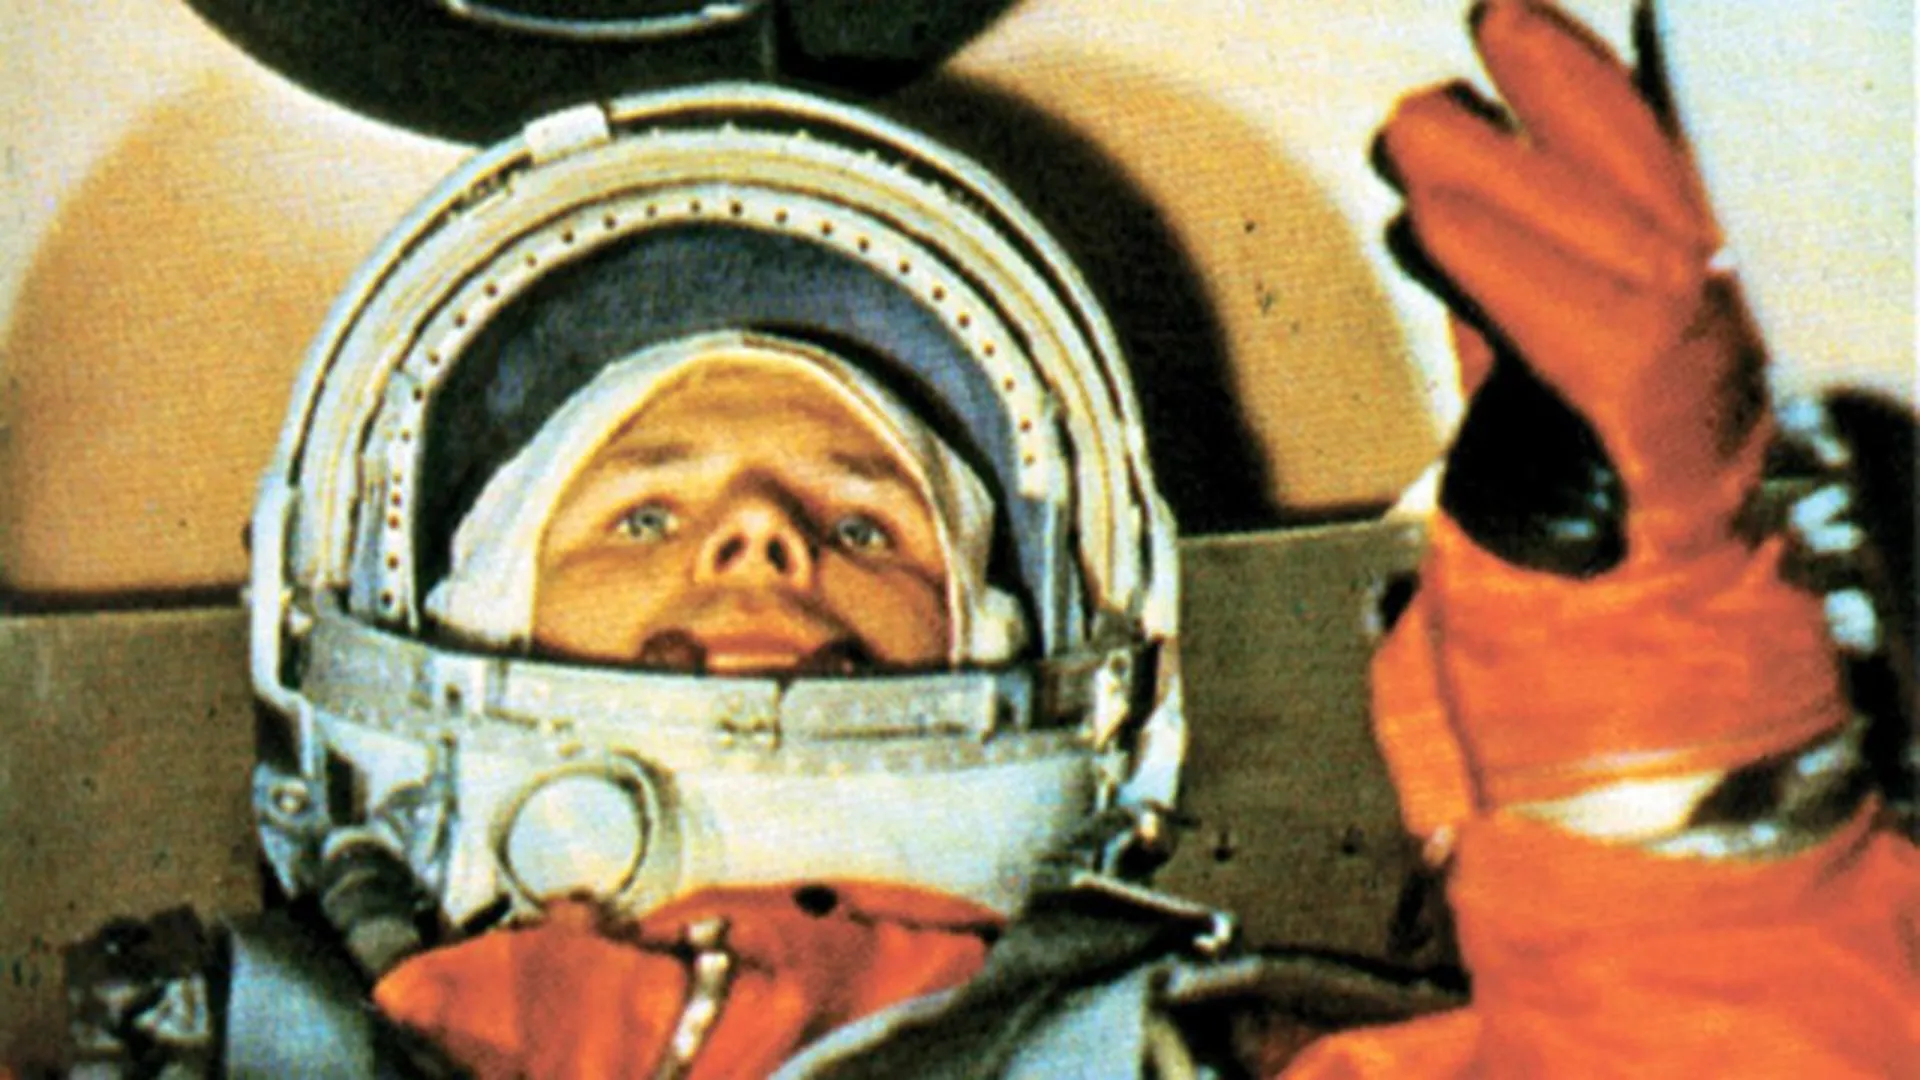 «Гагаринская летка»: пострадало ли от наводнения в Оренбурге училище первого человека, полетевшего в космос
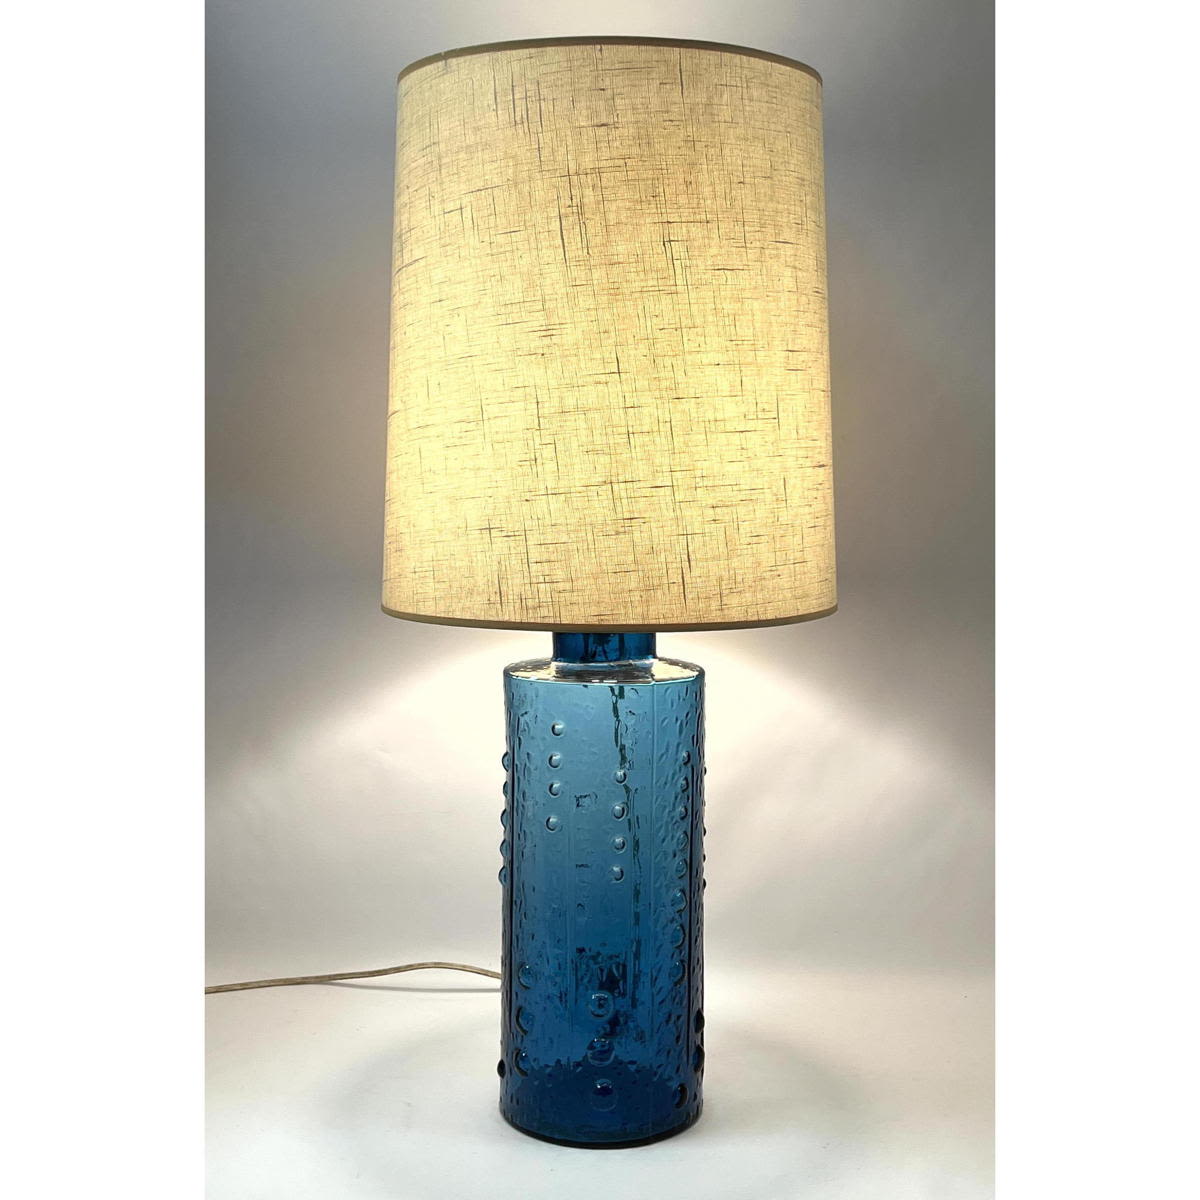 Large Blue Glass Lamp by Pukeberg 3acb87
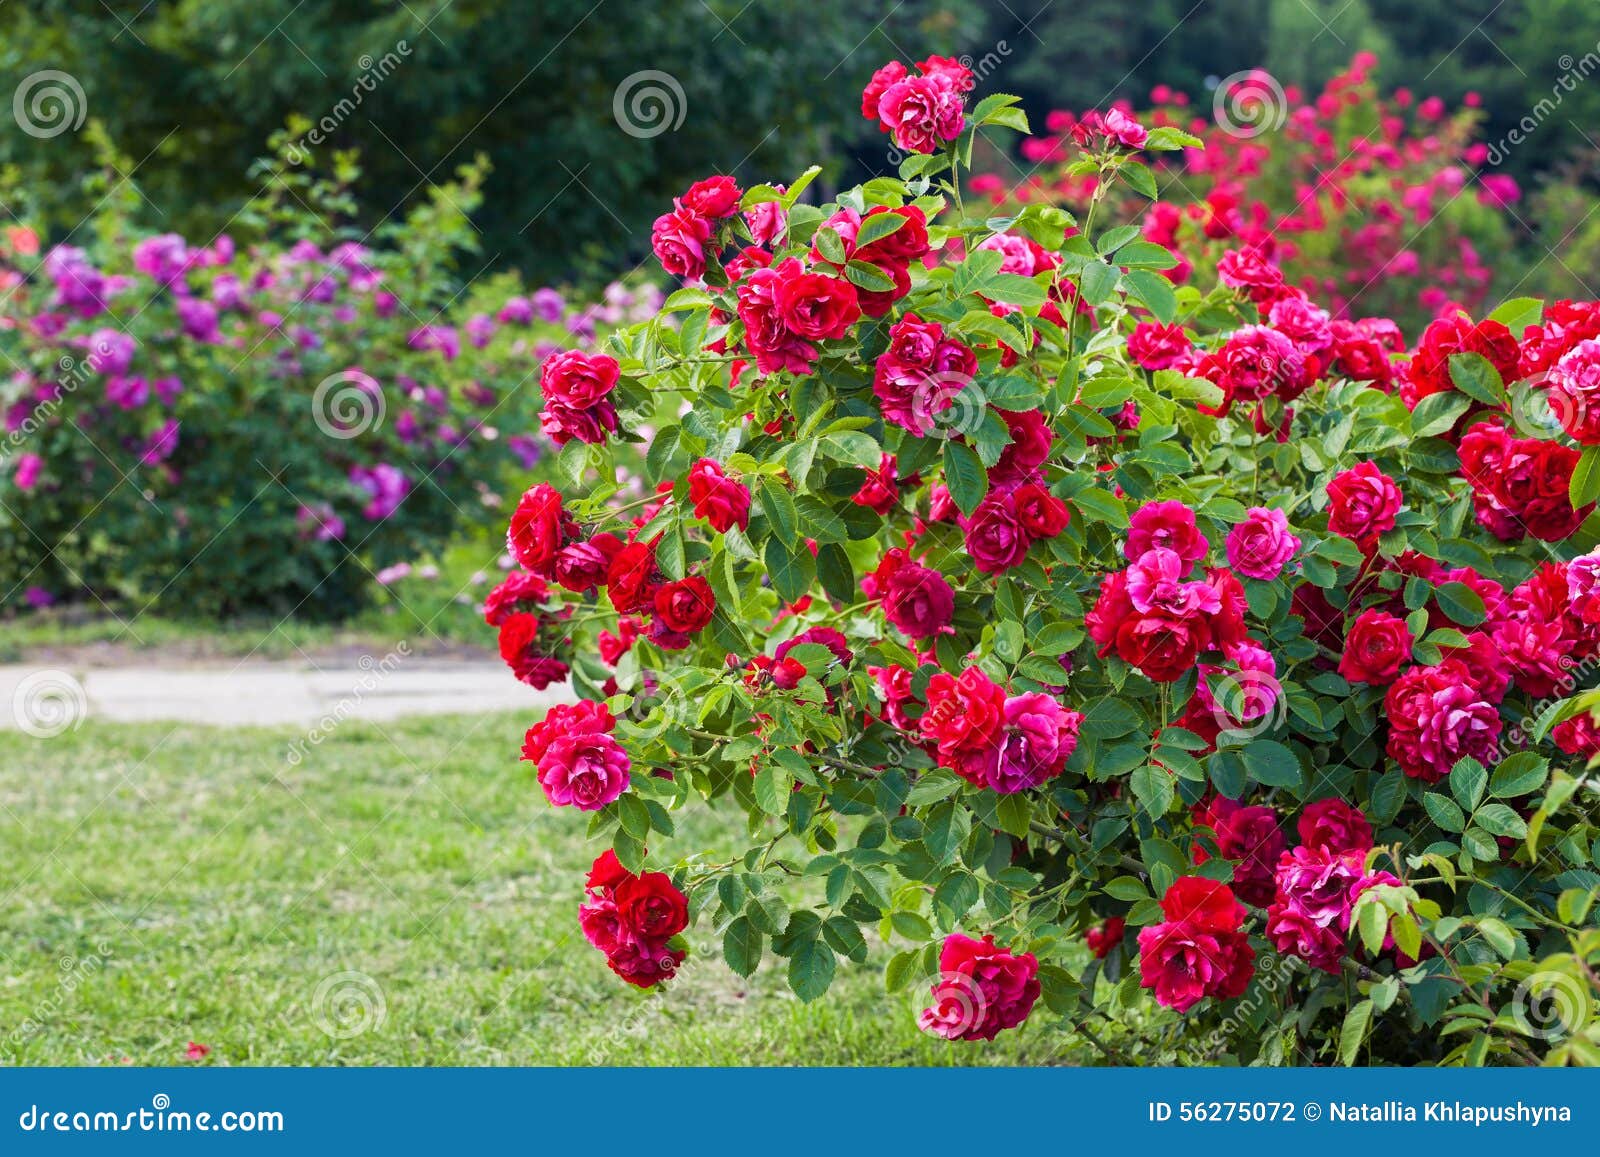 roses bush on garden

- _Task_
Return the lines exactly, from the one containing "Large Blue Glass Lamp by Pukeberg 3acb87" through the last line above, including both ends and excluding every picture.

- _Response box_
 Large Blue Glass Lamp by Pukeberg 3acb87
 roses bush on garden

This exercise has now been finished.